> COLLECTED MATERIAL
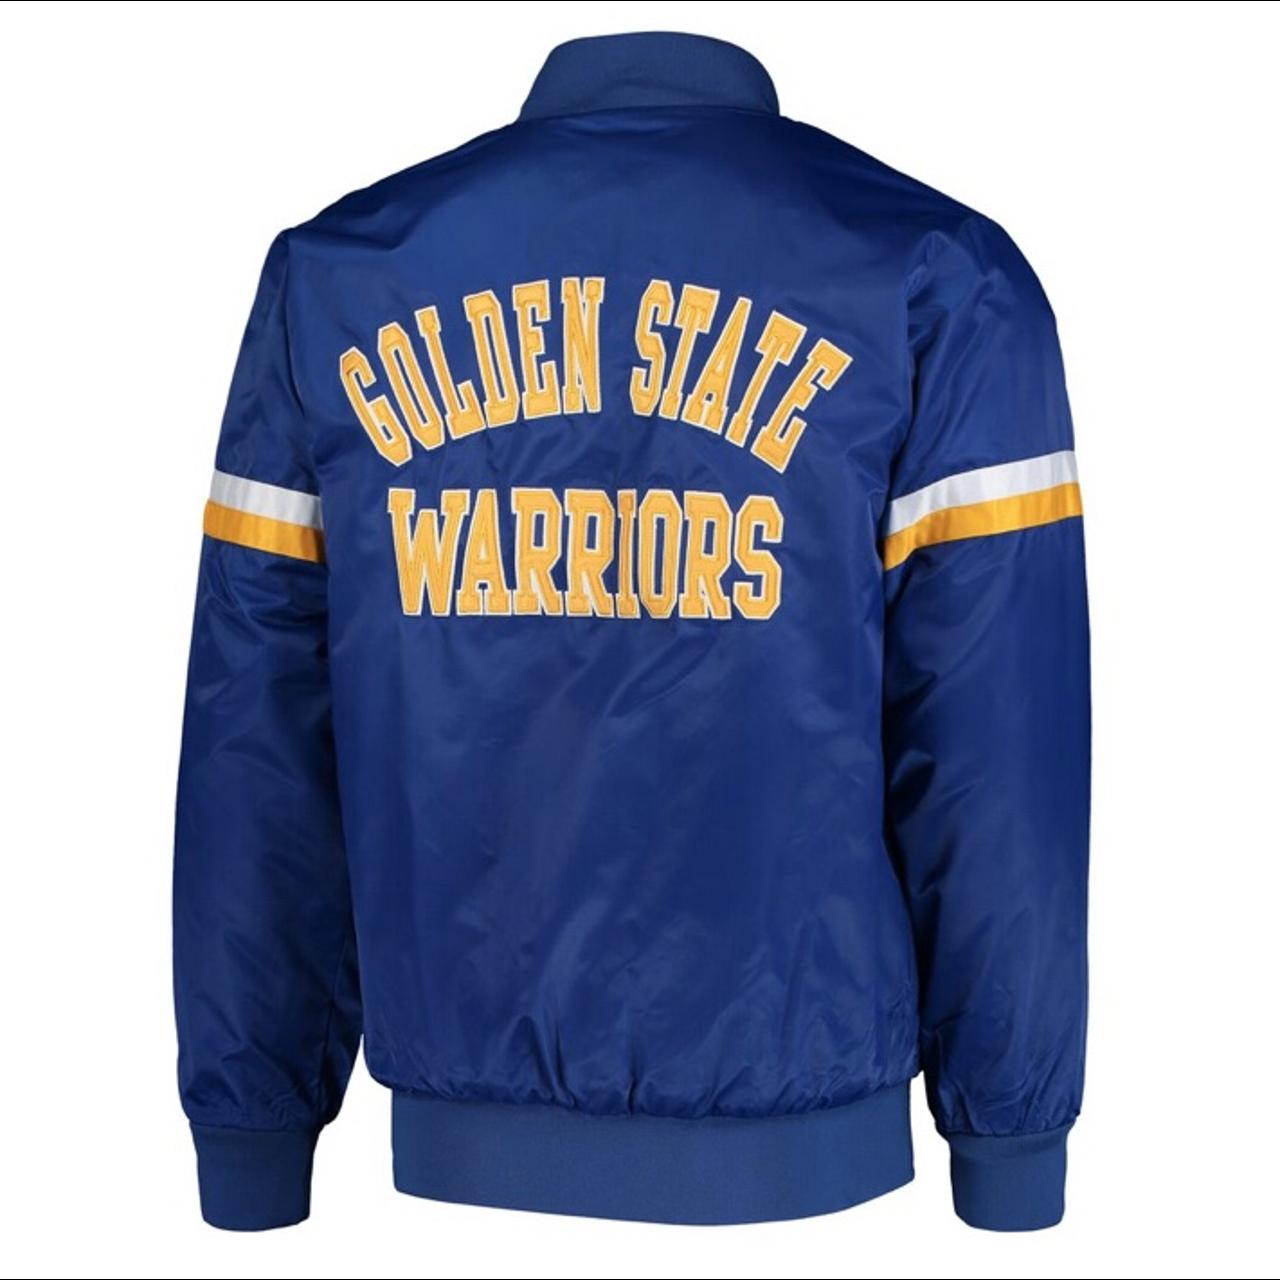 Golden State Warriors Starter Jacket. Tag Says large - Depop
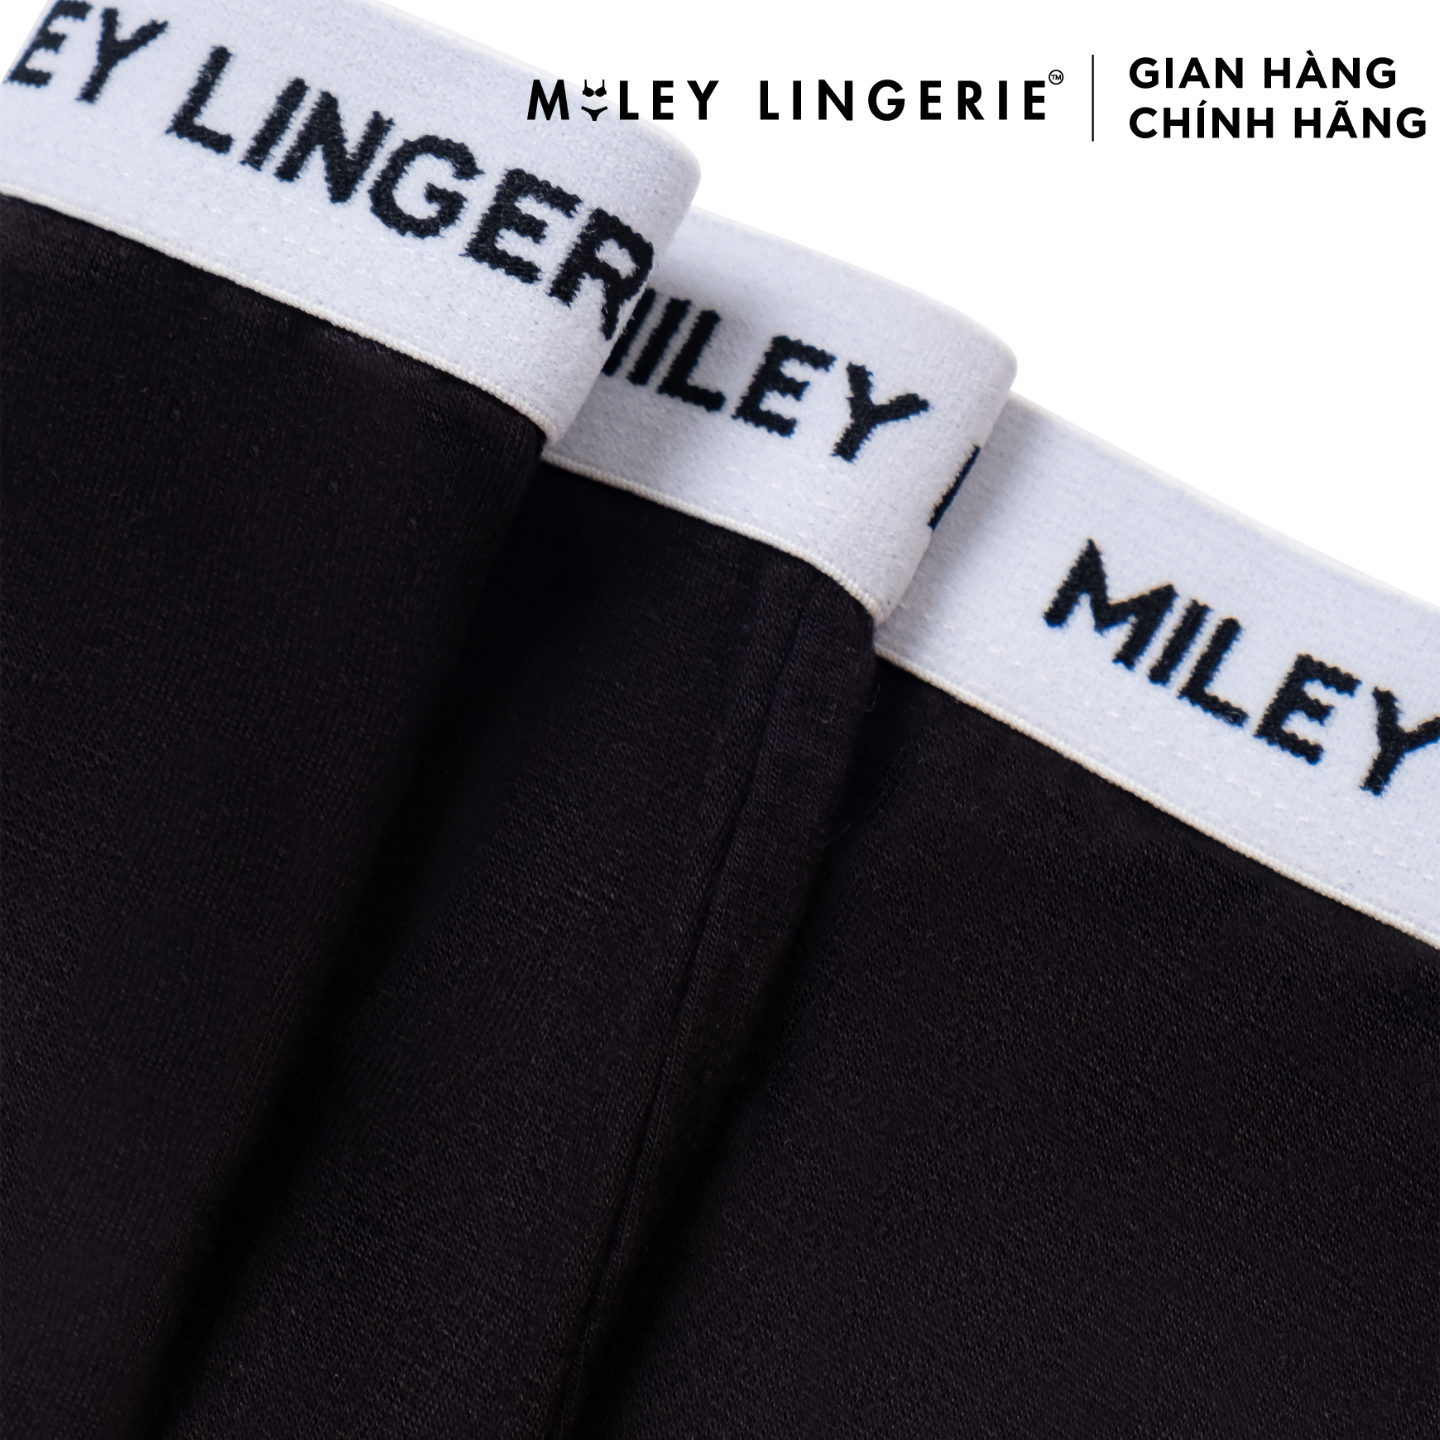 Combo 5 Quần Lót Nữ Cotton Thiên Nhiên BeingMe Miley Lingerie - Màu Đen
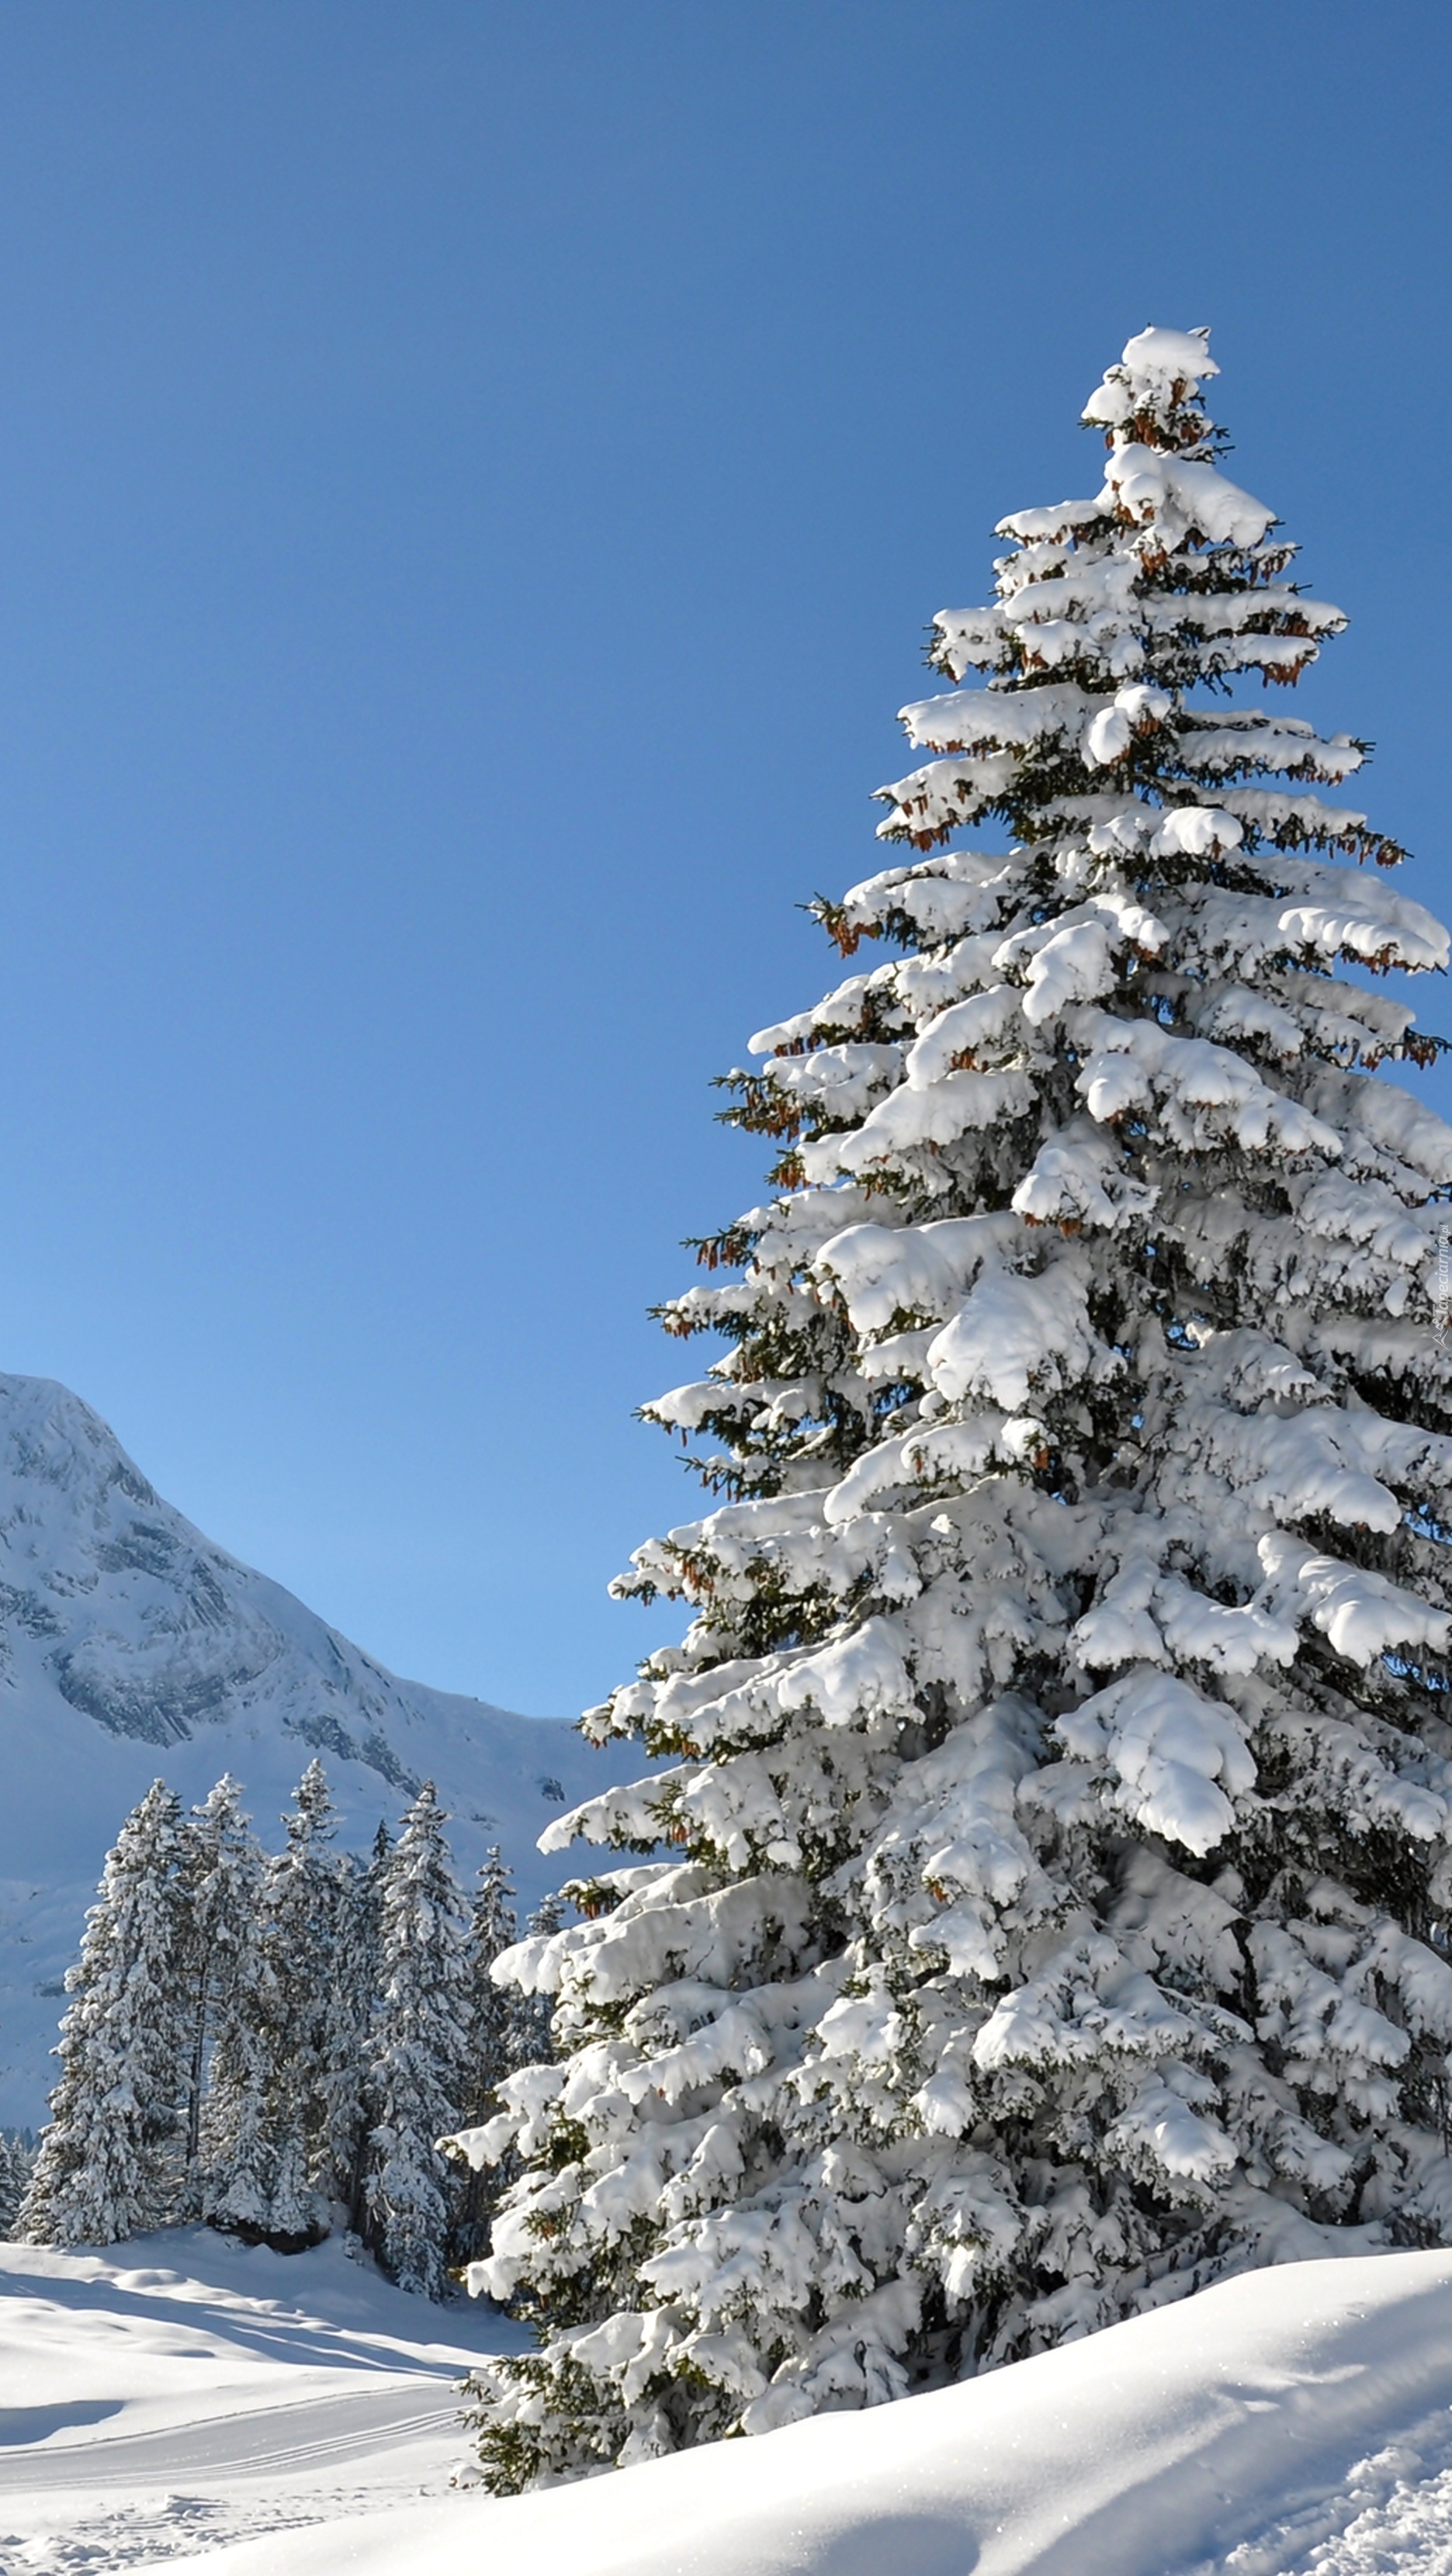 Śnieżna zima króluje w górach i lasach

> EXERCISE DESCRIPTION
From the first line to the last, copy the listing above exactly, dropping all images.

> SOLUTION TO THIS TASK
 Golden State Warriors Starter Jacket. Tag Says large - Depop
 Combo 5 Quần Lót Nữ Cotton Thiên Nhiên BeingMe Miley Lingerie - Màu Đen
 Śnieżna zima króluje w górach i lasach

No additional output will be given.